Все закончилось ужасно. Она обезумела от любви к нему, хотела даже пойти и объясниться с его женой, но вмешалась мать. Тина силой увезла Валентину с собой в Грецию, где они провели следующие три недели. Мать заставляла ее вместе лазать по сухим выжженным солнцем горам, исследовать древние руины и исторические места. Валентина чувствовала себя живым мертвецом, никаких желаний или эмоций у нее не осталось, но она следовала за матерью, как голодный козленок бегает за козой-кормилицей. Мать водила ее плавать в лазурных водах Средиземного моря, и постепенно красота Греции помогла Валентине отыскать крошечную искорку веры в то, что жизнь не закончена. Она сумела выбраться из пропасти. Черная яма ее утраты становилась все меньше и меньше, и через какое-то время она смогла выбраться из нее и забыть про боль. В Милан она вернулась другим человеком. Никогда больше Валентина не позволит подобному случиться в ее жизни. Однако ей хотелось увидеть Франческо в последний раз, дабы иметь удовольствие заявить ему, что между ними все кончено. Ей хотелось сказать ему в лицо, каким подлецом она его считает.

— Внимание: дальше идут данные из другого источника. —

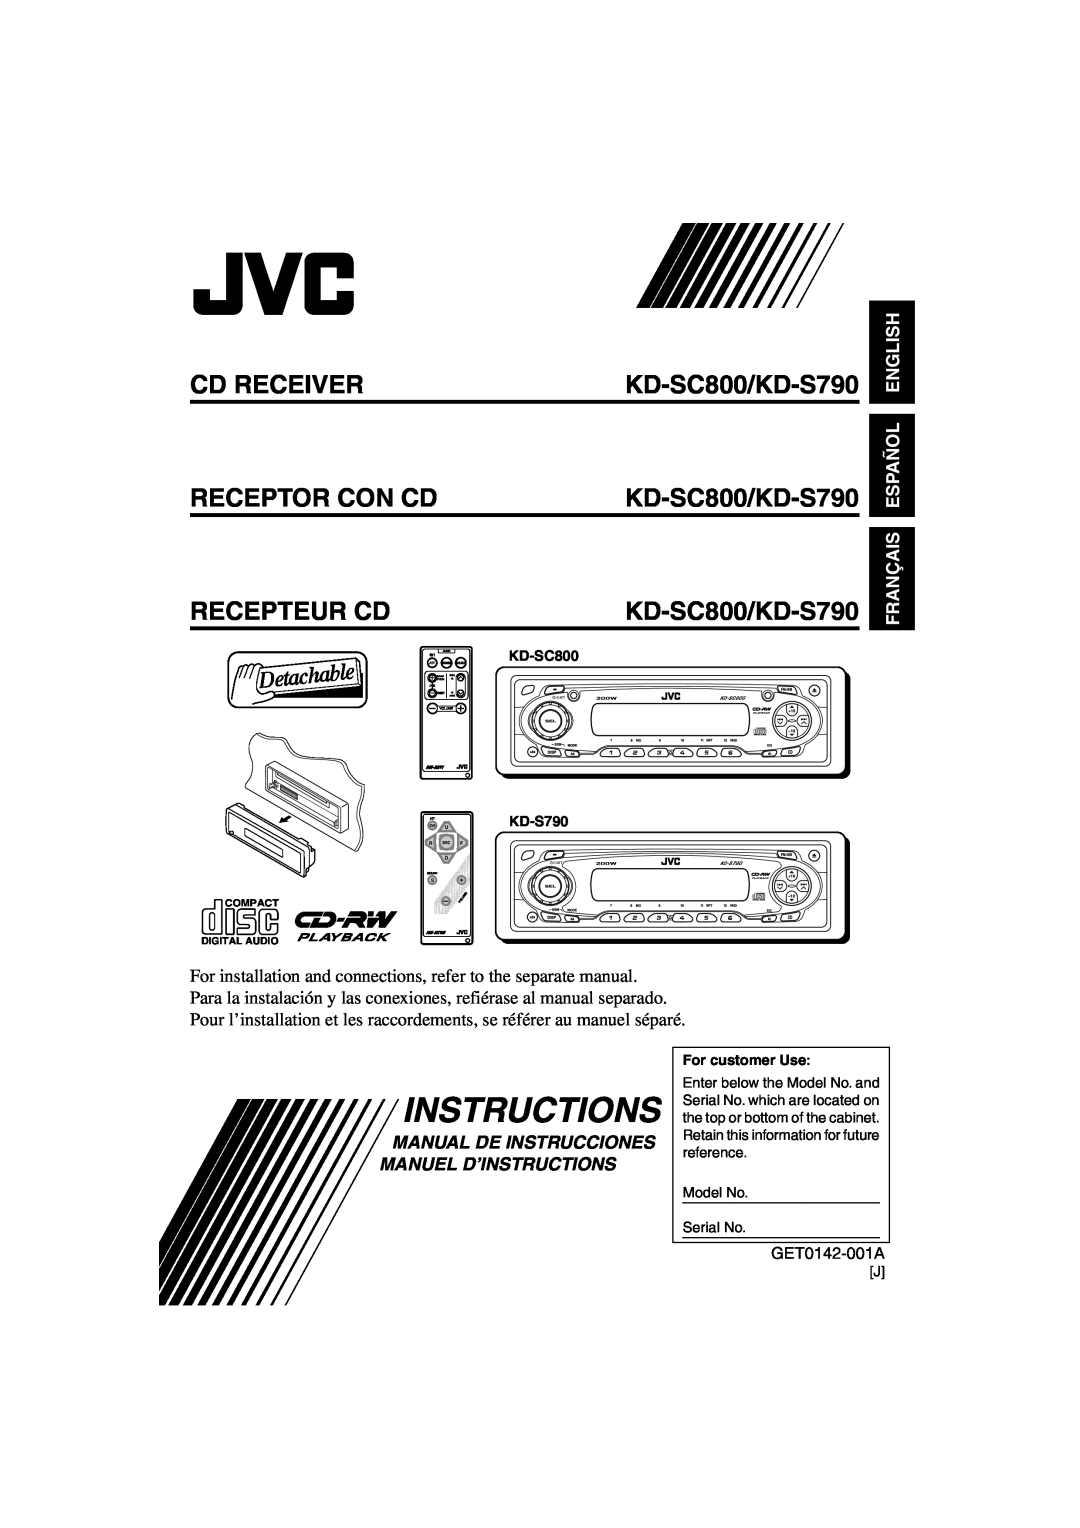 JVC manual Cd Receiver, Receptor Con Cd, Recepteur Cd, KD-SC800/KD-S790, Français Español English, Instructions

Но не вышло. Вечером в день их возвращения в Милан мать велела ей даже не думать о встрече с Франческо. У Тины были влиятельные друзья в высоких кругах, и она сделала так, чтобы Франческо никогда больше не работал в Милане. Ему пришлось покинуть Италию и переехать вместе с женой в Англию, где он сумел получить место в той же должности преподавателя, но менее престижное.
– Несчастное создание, – сказала как-то мать, налив в бокал красного вина и плюхнувшись на диван в гостиной.
– Франческо? – прошептала Валентина, все еще обескураженная решительными действиями матери.
– Нет, его дура жена, – с омерзением произнесла мать. – Я не сомневаюсь, что он и раньше это проделывал. Ты не первая невинная студентка, которую он затащил в постель, и, поверь мне, не последняя. Представляю, какое невеселое будущее ждет эту женщину.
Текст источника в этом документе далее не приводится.